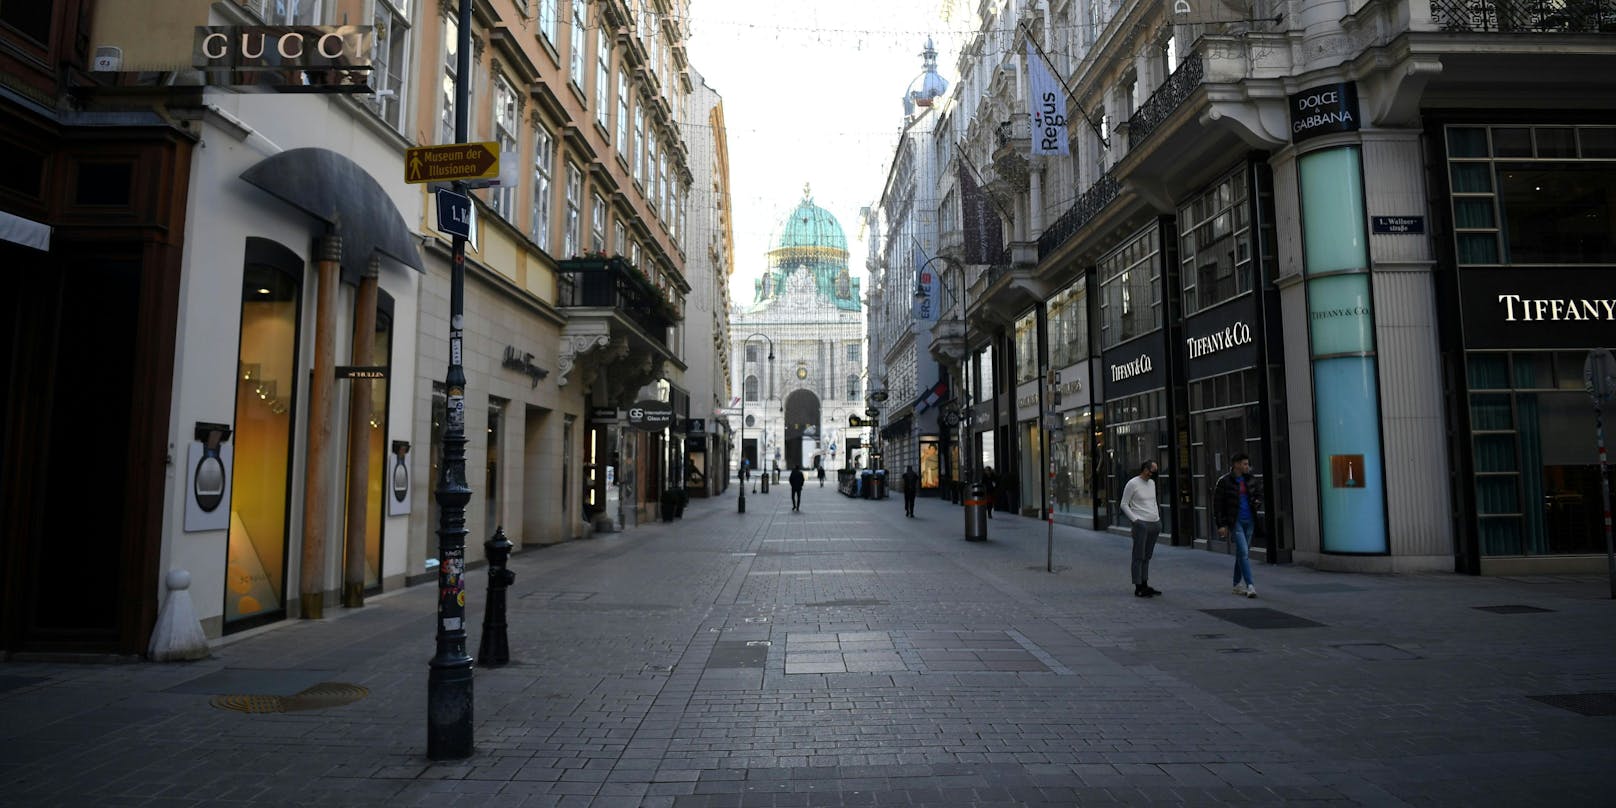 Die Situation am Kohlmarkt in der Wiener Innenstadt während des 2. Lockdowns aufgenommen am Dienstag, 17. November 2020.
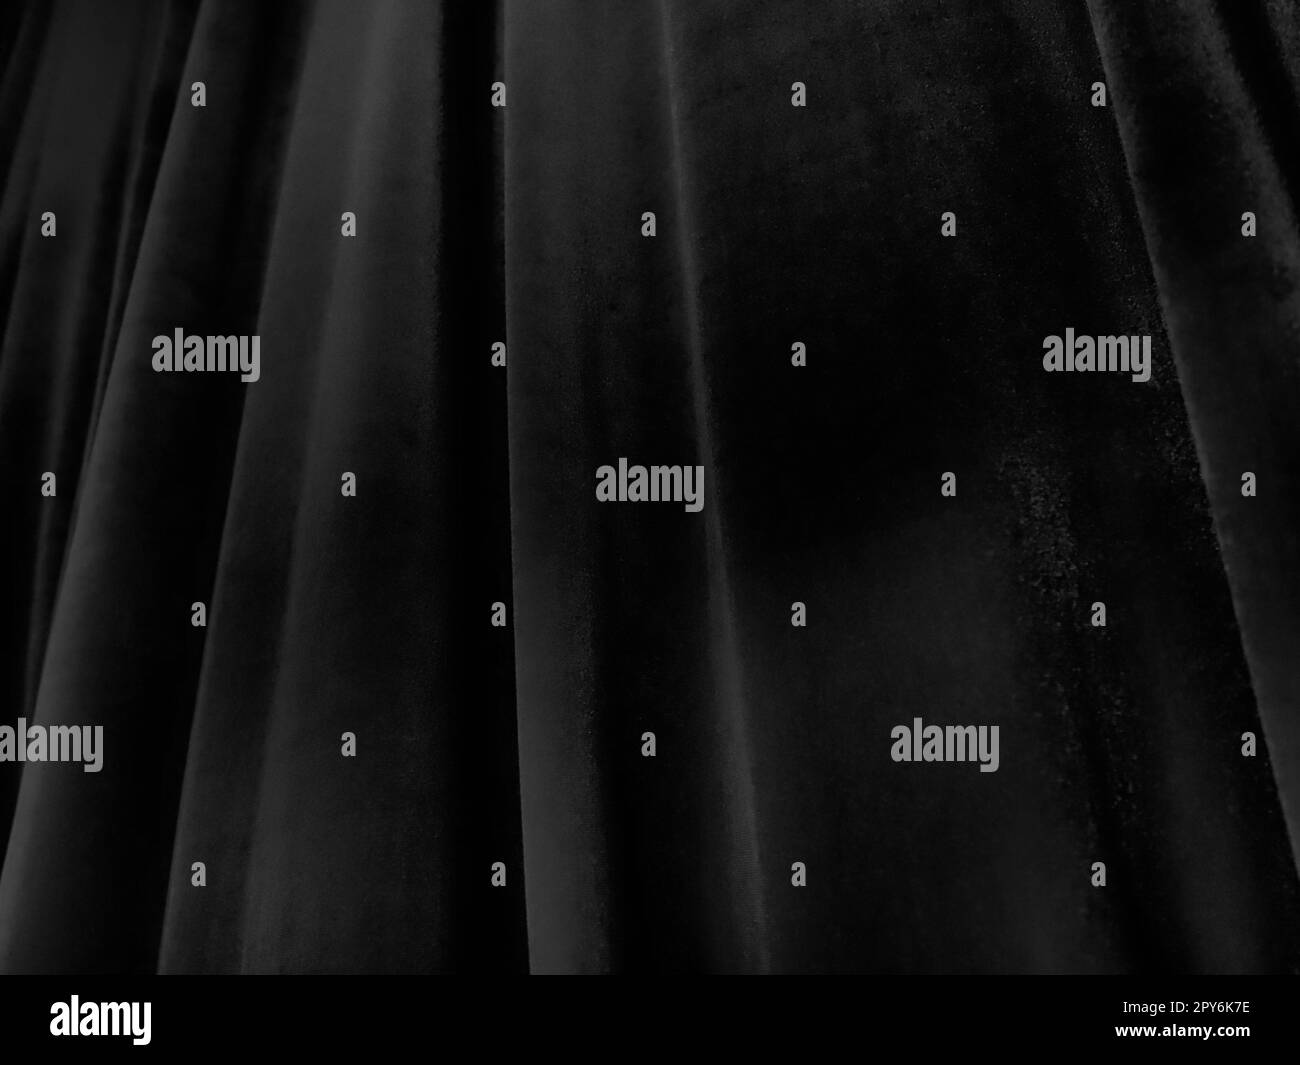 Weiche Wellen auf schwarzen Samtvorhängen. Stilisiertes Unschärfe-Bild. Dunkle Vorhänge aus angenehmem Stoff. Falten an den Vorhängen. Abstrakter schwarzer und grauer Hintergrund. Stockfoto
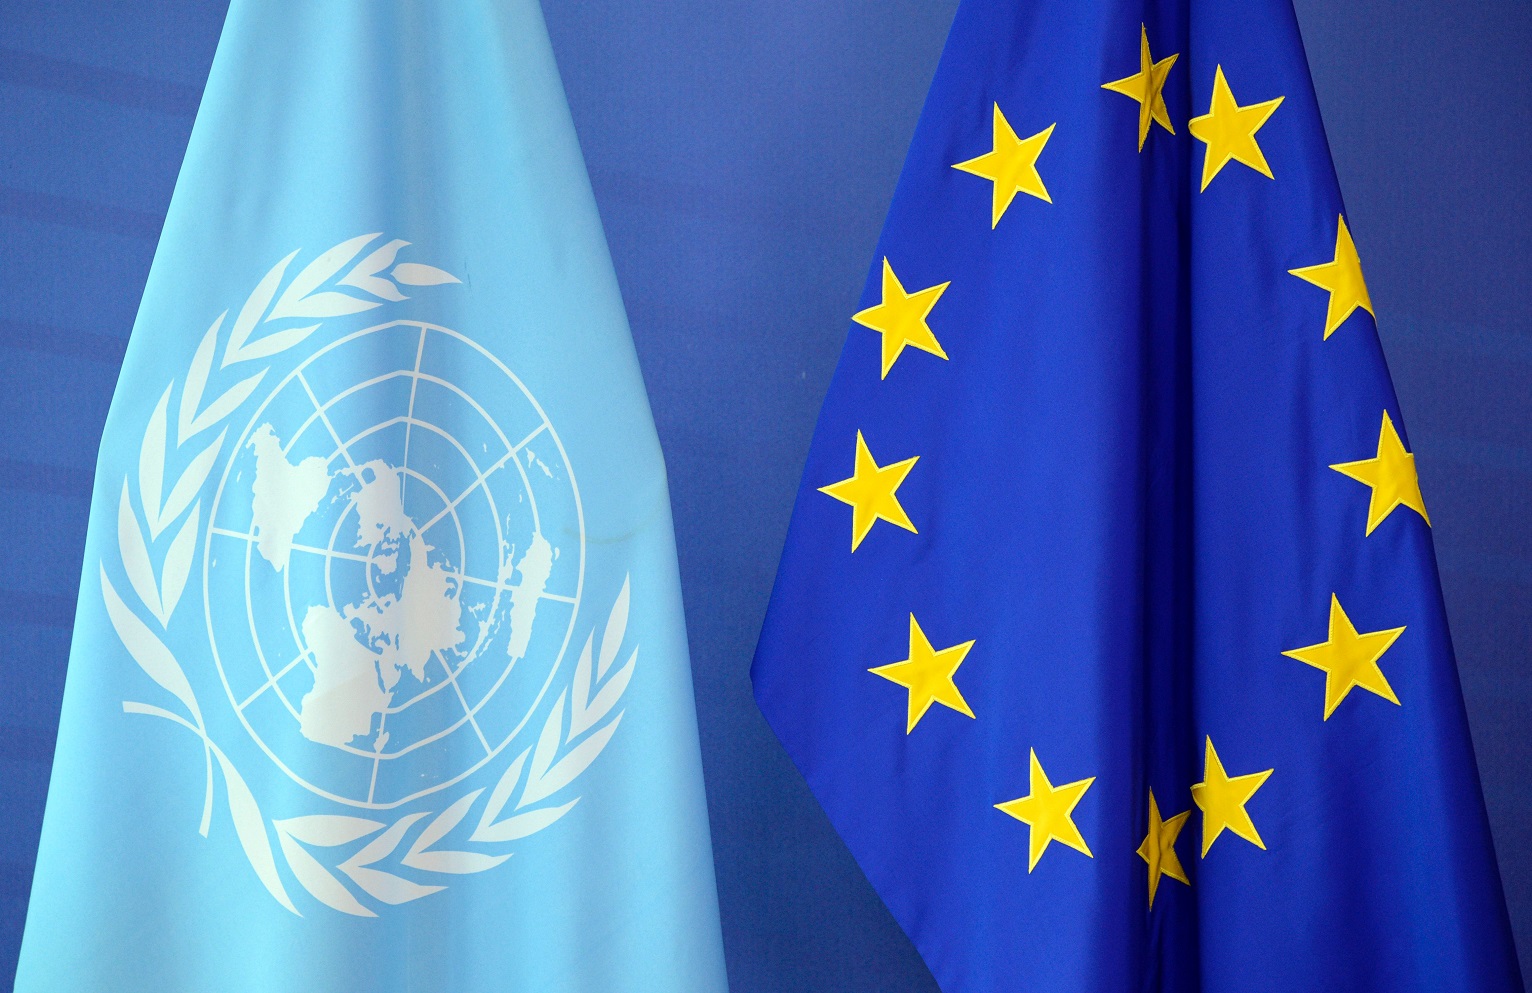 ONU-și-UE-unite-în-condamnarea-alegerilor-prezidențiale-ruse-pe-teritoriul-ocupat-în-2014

----

■ TRY IT:
Set out nothing but the lines from the line with "Weiche Wellen auf" through the end of the material, reproduced exactly, both ends included, pictures omitted.

■ ANSWER SPACE:
 Weiche Wellen auf schwarzen Samtvorhängen. Stilisiertes Unschärfe-Bild. Dunkle Vorhänge aus angenehmem Stoff. Falten an den Vorhängen. Abstrakter schwarzer und grauer Hintergrund. Stockfoto
 ONU-și-UE-unite-în-condamnarea-alegerilor-prezidențiale-ruse-pe-teritoriul-ocupat-în-2014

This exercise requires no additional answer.